Russian President Dmitry Medvedev has recently presented an interestingly different perception about the state of the world stating that the artificially maintained unipolar system was based on one big centre of consumption financed by a growing deficit and thus growing debt, one formerly strong reserve currency and one dominant system of assessing assets and risks. He went on to castigate the US military presence across the world stating that it survives on what is effectively a massive subsidy by the rest of the world while the US continues to appropriate the exports, companies and real estate of the rest of the world in exchange for paper money of questionable worth.
While it is easy to dismiss the perception as Communist propaganda there is certainly more than a grain of truth in the rather provocative interpretation of the state of the unipolar world. There is no denying the fact that the global financial meltdown of the last two years is largely because of the simple fact that the unbridled consumption by the US and its citizens has been going on unchecked for an unsustainably long period.
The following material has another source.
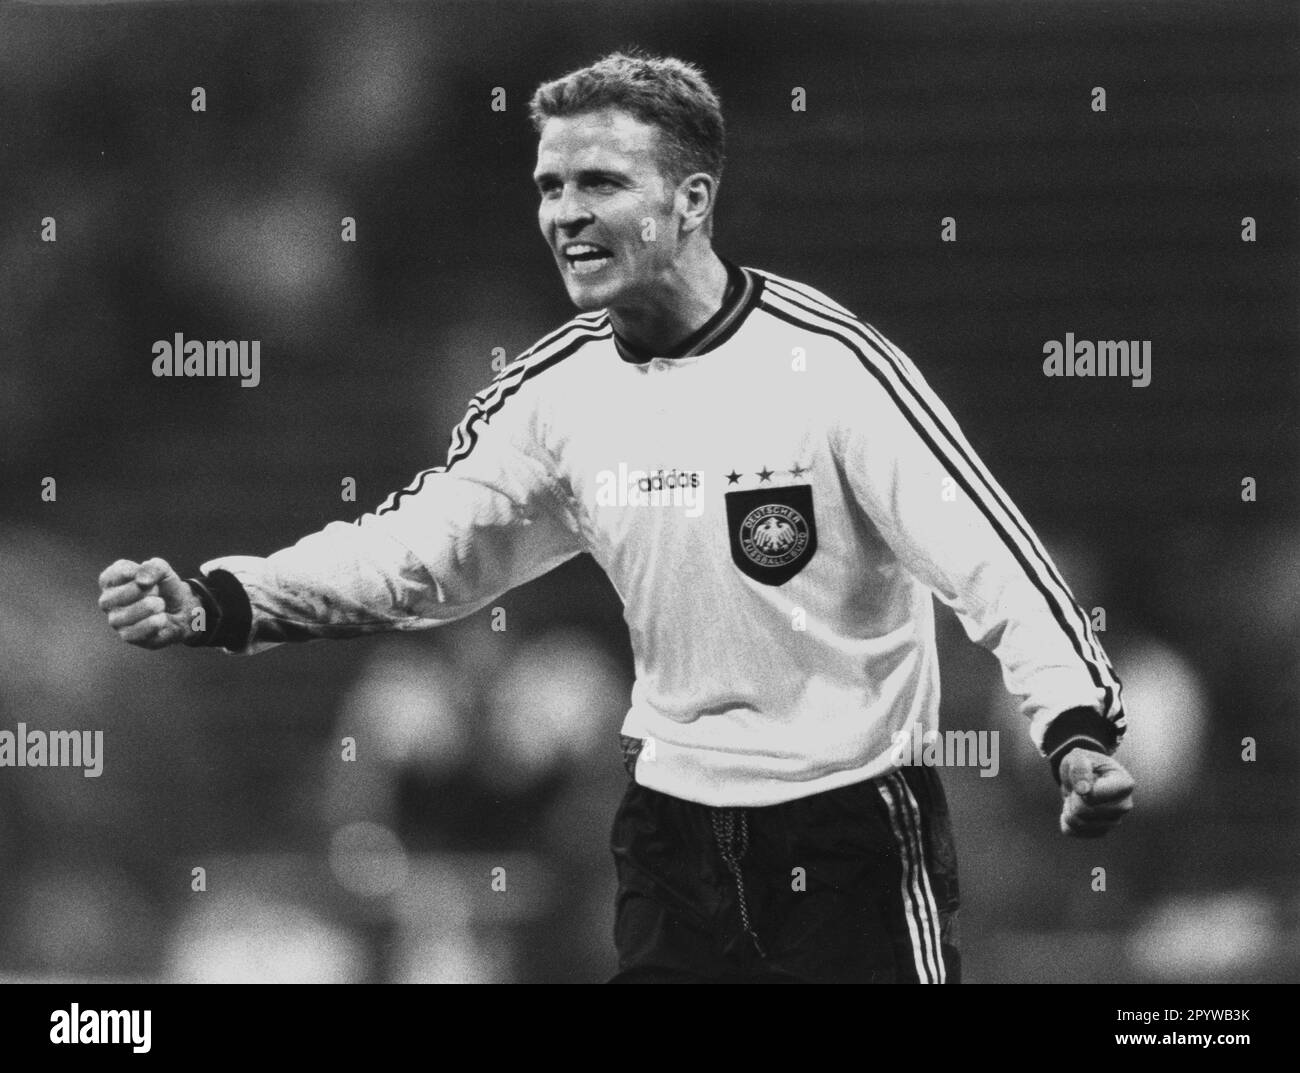 Oliver Bierhoff festeggia nella maglia nazionale su 27.03.1996 alla partita: Germania - Danimarca (2:0) a Monaco. [traduzione automatica] Foto Stock

It is worth recapitulating the process by which the global economy currently finds itself in dire straits. Unbridled consumption by US citizens, US buyouts of foreign companies and the massive US military spending across the World — all paid for in the domestic currency of the US — find their way ultimately to the foreign central banks of the countries that have balance of payment surpluses. These dollars are effectively recycled by the central banks back to the US when they invest in “safe” financial assets like US treasury bonds.
The other alternative for these surplus countries is to let their currencies appreciate in the free market relative to the Dollar with negative ramifications on their export competitiveness, the health of their export intensive businesses and unemployment. As long as the export surplus countries continue to hoard dollars which is effectively US IOUs, despite being the world’s largest debtor country, the US does not have to undergo IMF style “structural adjustments”.
The standard prescriptions under ‘structural adjustment programmes’ are tax and interest rate hikes, currency devaluation, reduction in trade and fiscal deficits, pruning social safety nets, selling government-owned enterprises and natural resources, etc., to the satisfaction of pressing creditors. However, it is surprising to note that the US response to the financial crisis over the last two years is at complete variance to the “standard” operating procedure in a structural adjustment programme.
Indeed, to the lay observer it appears that the global reach of the mighty military prowess of the US sits rather uncomfortably with the perceptible decline in its economic strength. These apparent contradictions would possibly take decades to get reconciled but history has been witness to many events that appeared incredulous when the first undercurrents were visible.
The fall of the once mighty British pound as a reserve currency between the two World Wars, a defeated Japan in the second World War becoming an economic powerhouse, and more recently, the leap of Communist China from utter poverty to relative prosperity — all in a few decades — are examples worth recalling. It is therefore reasonable to prophecy that the longer the US continues to live off the savings of others, the more likely it is that the laws of economics would catch up with it some time.